In 2010, the breakdown of singles, doubles, and triples6 on hits in play went like this: about 75.4 percent were singles, 22.4 percent were doubles, and 2.3 percent were triples. (Rounding is why there's an extra 0.1 percent.) Multiplying each of these percentages by the linear weights values of each event (0.4595 again for singles, 0.7595 for doubles, 1.0295 for triples) results in a "hits in play" linear weights value of 0.5396. Going back to the same outs value of -0.1645 means that a potential hit turned into an out by this accounting saves 0.7041 runs for the defense. Does that make sense?
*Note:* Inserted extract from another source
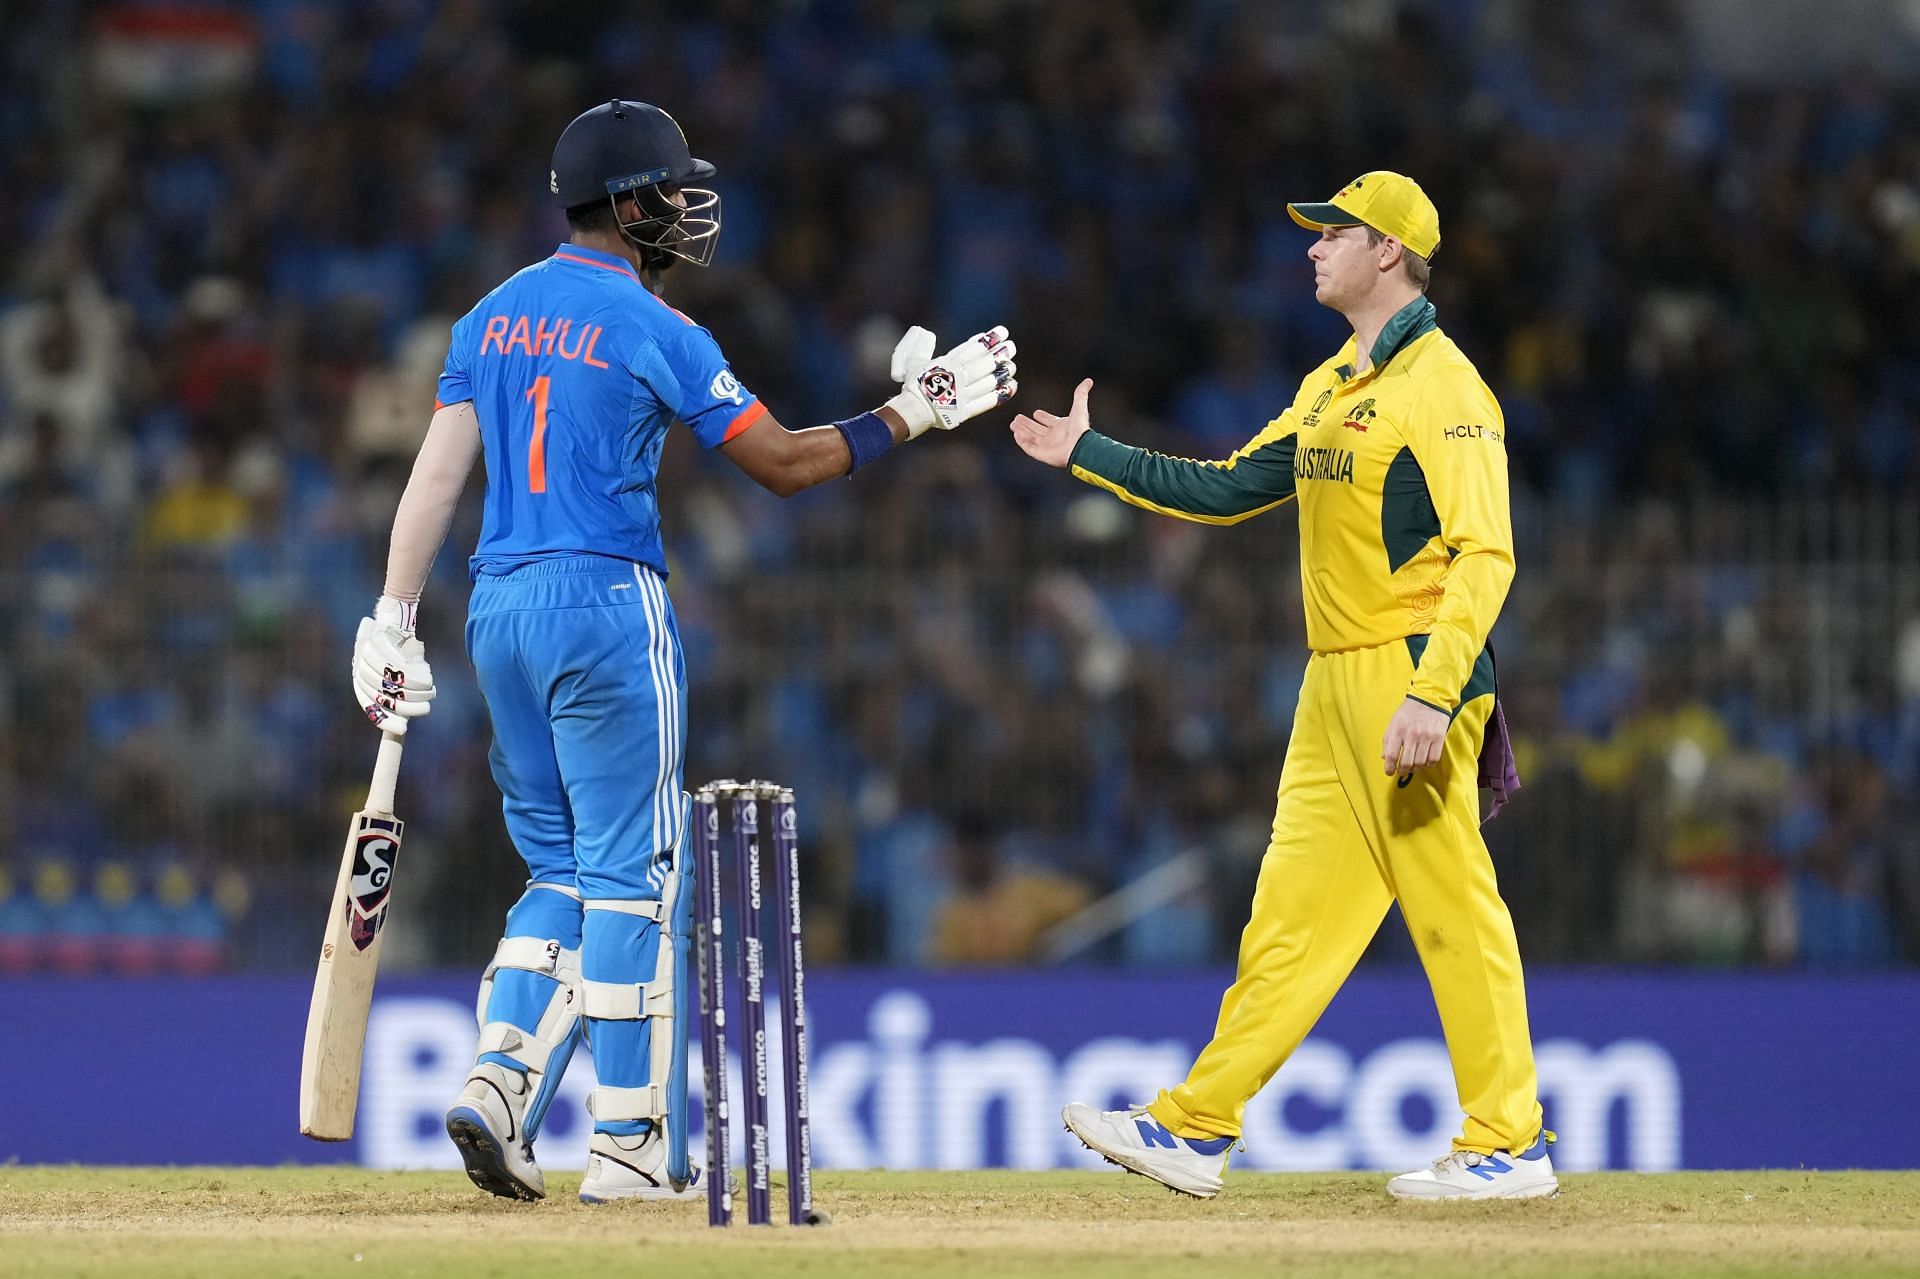 Australia were outplayed by India in their tournament opener. [P/C: AP]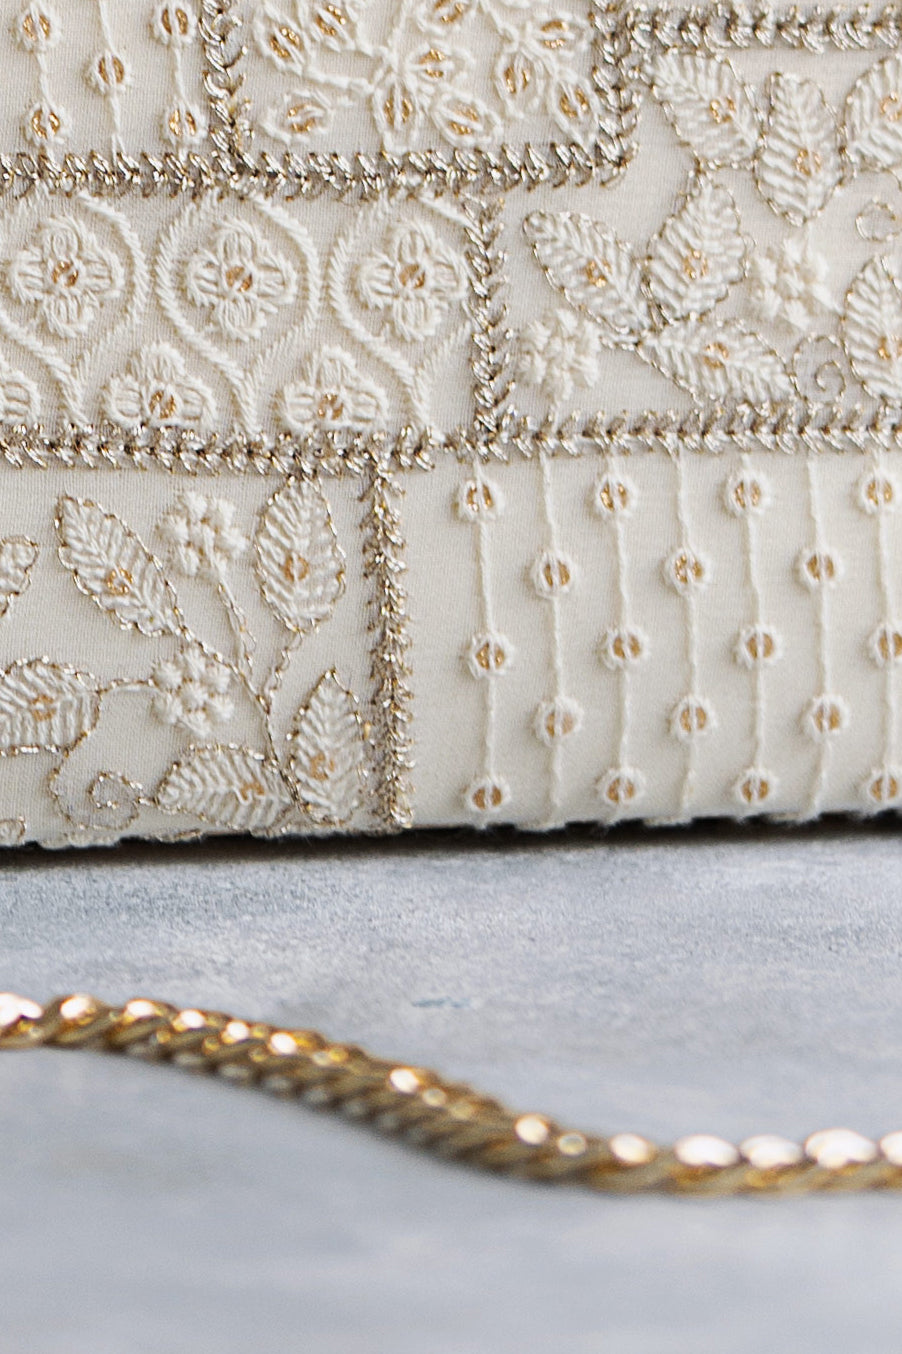 Mosaic Luxe Embroidered Clutch White

This method, of course, pushes the teams at either end even farther out to the extremes. The A's, for instance, add five runs by this method and clock in at 40 runs above average. The team's pitching staff has gotten a lot of love (not undeservedly! They're fifth in baseball in Fair Run Average) and the offense has received some notice in the second half (fifth in baseball in runs since the All-Star break—no, seriously, go look), but boy howdy, a four- to five-win defense is an awfully nice thing to have, isn't it?
And how about the American League Central? Here are the Tigers: 75-67. Here are the White Sox: 76-66. And here's the gap between the two teams on defense, rounded to a nice round number: 50 runs. I don't know what kind of runs-to-wins conversion you prefer in your baseball analysis, but the ones I favor have 50 runs being worth way more than one win.
Noting, by the way, that the Tigers have received just a .261/.292/.408 line from their designated hitters this season, it's certainly fair to ask whether Brandon Inge's plus defense at third and .218/.275/.383 batting line might have served Motor City better than its collection of DHs and Miguel Cabrera's dastardly defense at the hot corner. (To be fair, Cabrera's FRAA stands at just -2 for the season. On the other hand, Inge's is +3 in less than 3/5 of the playing time, and, again, the gap between Detroit and Chicago is one game.)
So! We've come to the conclusion and my utter lack of narrative structure in this piece is about to be exposed. I don't have a conclusion. I'll have to steal a trick from Tommy Bennett and ask you all a question instead:
Do you like defense? Is defense fun?